# Swift Suntor 600s refurb



## Pipe (Jun 13, 2017)

Hi every one, this is my first time on a forum, I hope some out there can help me?
I have a 2002 Swift Suntor which is excellent condition inside, but the outside needs tidying up!. Can anyone advise me what the colour code is for the Grey bumper at the front of the cab? What the colour code is for the White bodywork of the habitation cabin?.
And last question!!! There is a plastic/rubber strip between the rear plastic valance with the light cluster in them, between the bodywork and the valance anybody know what this strip is called or where to obtain it from?.
Unfortunately I have contacted Swift themselves!
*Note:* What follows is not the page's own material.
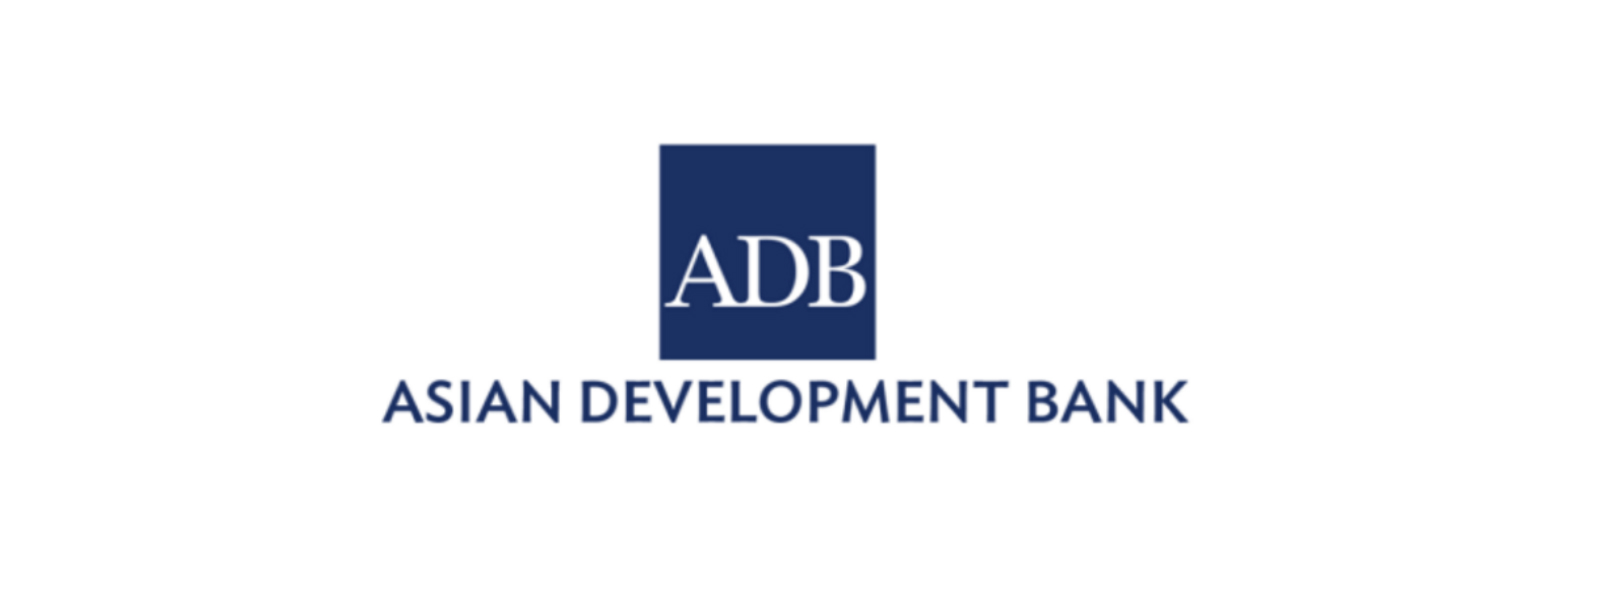 Sri Lanka cleared to get more money from ADB

And guess what! They have no information on these older motorhomes!!! Surprise!! Surprise!!
Please!! Can anybody help??

Cheers! Mick.


----------



## cabby (May 14, 2005)

It might be advisable to post on the Swift owners club site as well.Hope you get some help.Maybe you could do your own colour scheme.


----------



## talogon (Aug 12, 2009)

Hi and welcome, as a previous Swift owner I can say Cabby is right the Swift owners forum is probably your best bet.

https://www.swift-talk.co.uk

Everyone on here will be very helpful also.
Brian


----------



## Pipe (Jun 13, 2017)

Pipe said:


> Hi every one, this is my first time on a forum, I hope some out there can help me?
> I have a 2002 Swift Suntor which is excellent condition inside, but the outside needs tidying up!. Can anyone advise me what the colour code is for the Grey bumper at the front of the cab? What the colour code is for the White bodywork of the habitation cabin?.
> And last question!!! There is a plastic/rubber strip between the rear plastic valance with the light cluster in them, between the bodywork and the valance anybody know what this strip is called or where to obtain it from?.
> Unfortunately I have contacted Swift themselves! And guess what! They have no information on these older motorhomes!!! Surprise!! Surprise!!
> ...


Thanks for your advice, I think I might have to go with my own colour scheme, but I will try posting on the swift forum.
Cheer!👍😊


----------